Krohn linked up with coach Mike Barnow at Westchester Track Club, where he trained for various distances. Barnow's training program at Westchester TC was such that Krohn trained approximately 55–60 miles per week, with an emphasis on running on dirt and grass. On July 26, 1981, Krohn won the Dannon (race sponsor) 7-mile race around the Titicus Reservoir in a time of 33 minutes, 47 seconds, setting a course record in the process. At the second annual Greater Boston Track Club Invitational in 1983, Krohn won the indoor mile at Harvard University's indoor facility in 4:02.8. On July 27, 1985, Krohn ran his lifetime best 5000 meters in Oslo, Norway, in a race which was won by Saïd Aouita.

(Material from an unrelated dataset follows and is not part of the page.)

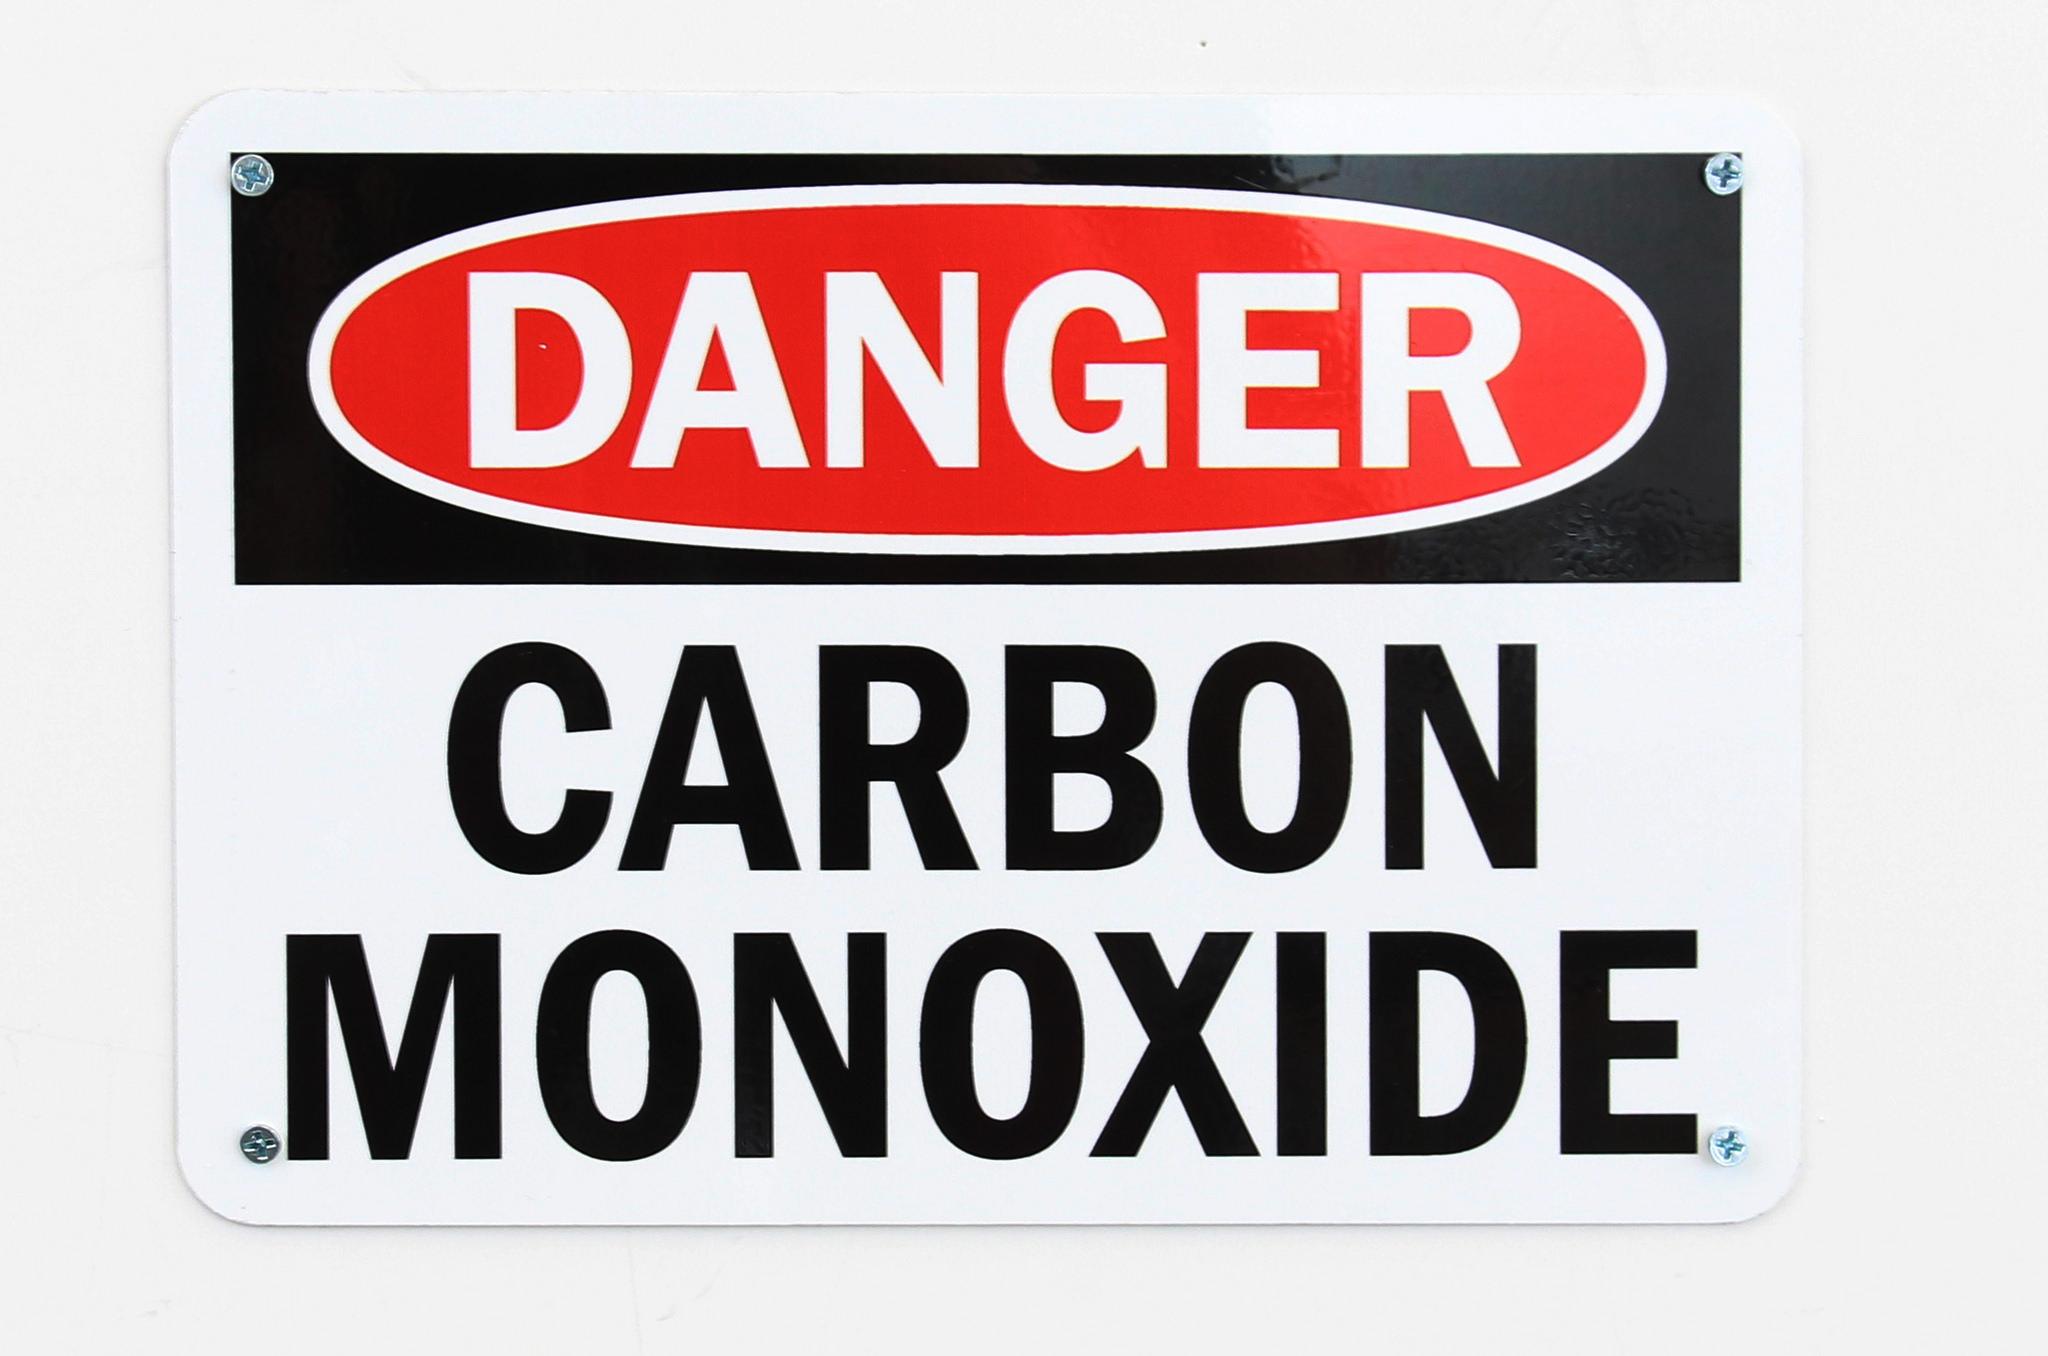 5 Carbon Monoxide Safety Tips
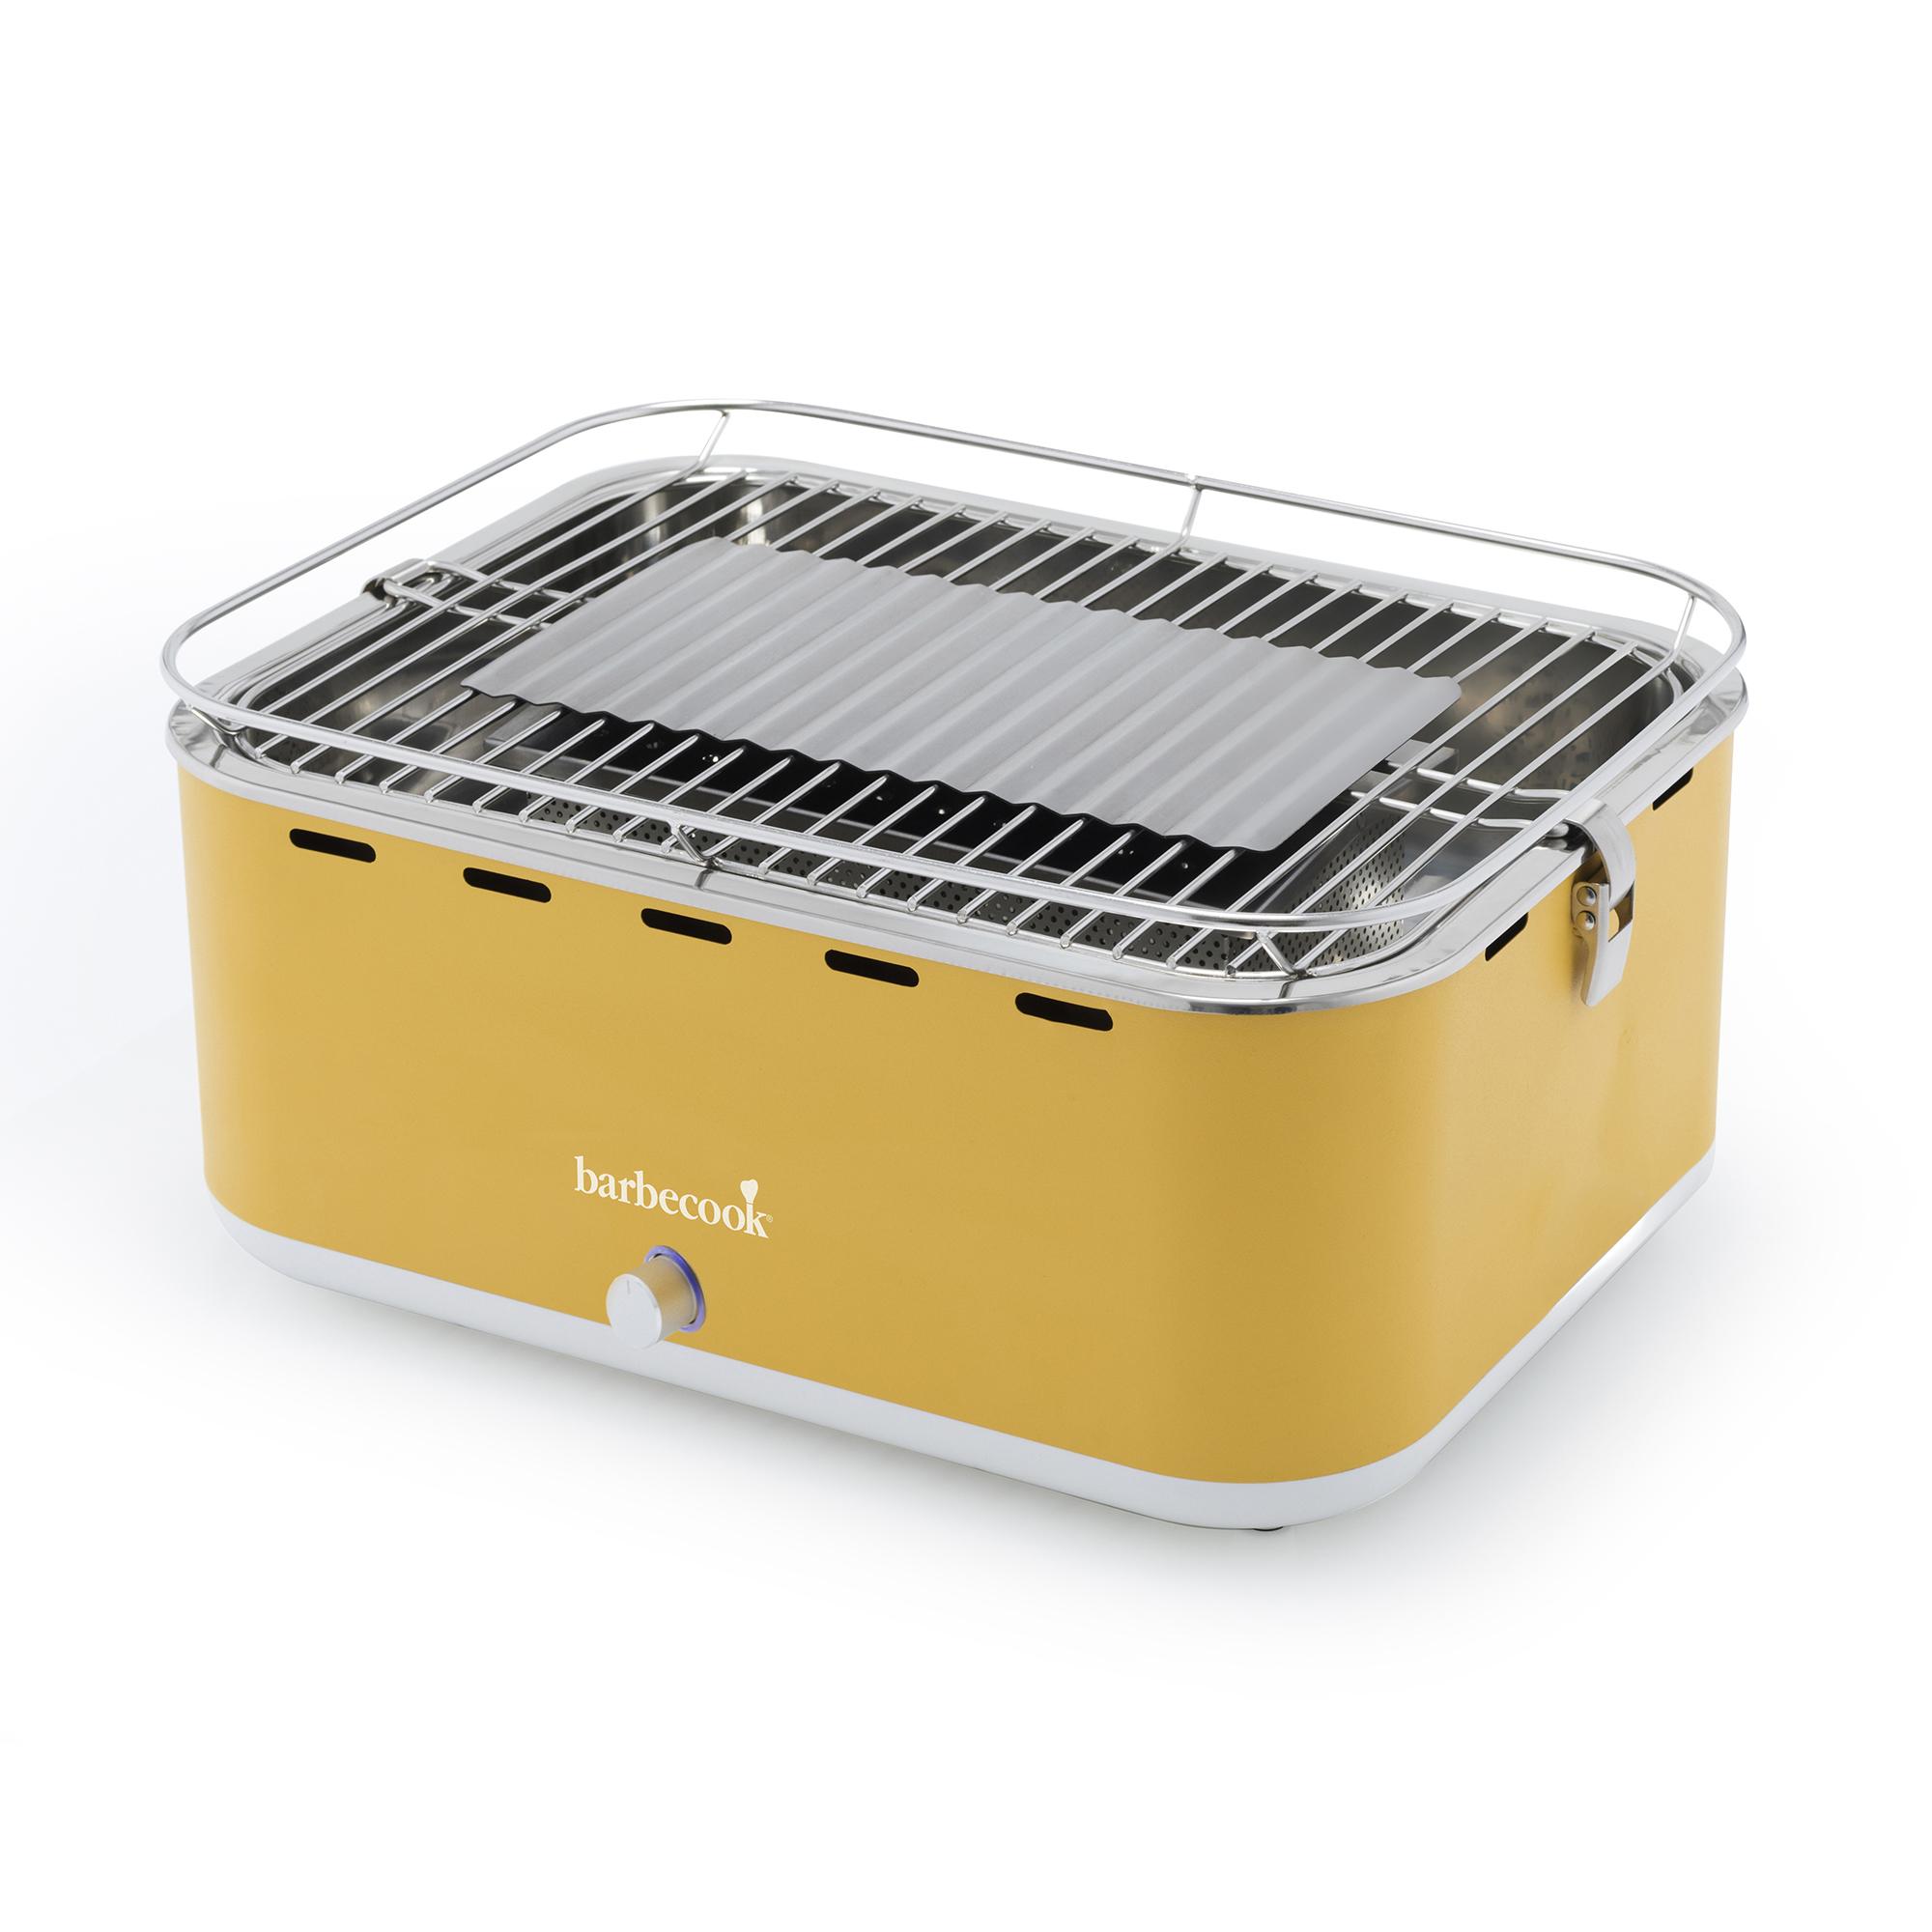 Barbecook Carlo - Sunshine Yellow

That day, Krohn's 13:25.61 had him finish in 10th place in a deep international field.

===Masters===
As soon as Krohn turned 40, he qualified for the M40-44 Masters category, and made his masters debut at the 1999 World Masters Athletics Championships in Gateshead, where he placed second in the 1500 meters. On July 17, 1999, he recorded 3:52 in the 1500 meters.

==Personal life==
Krohn and his Gunnel have two children, Kevin and Kajsa. Since 1995, they have lived in Stockholm, Sweden.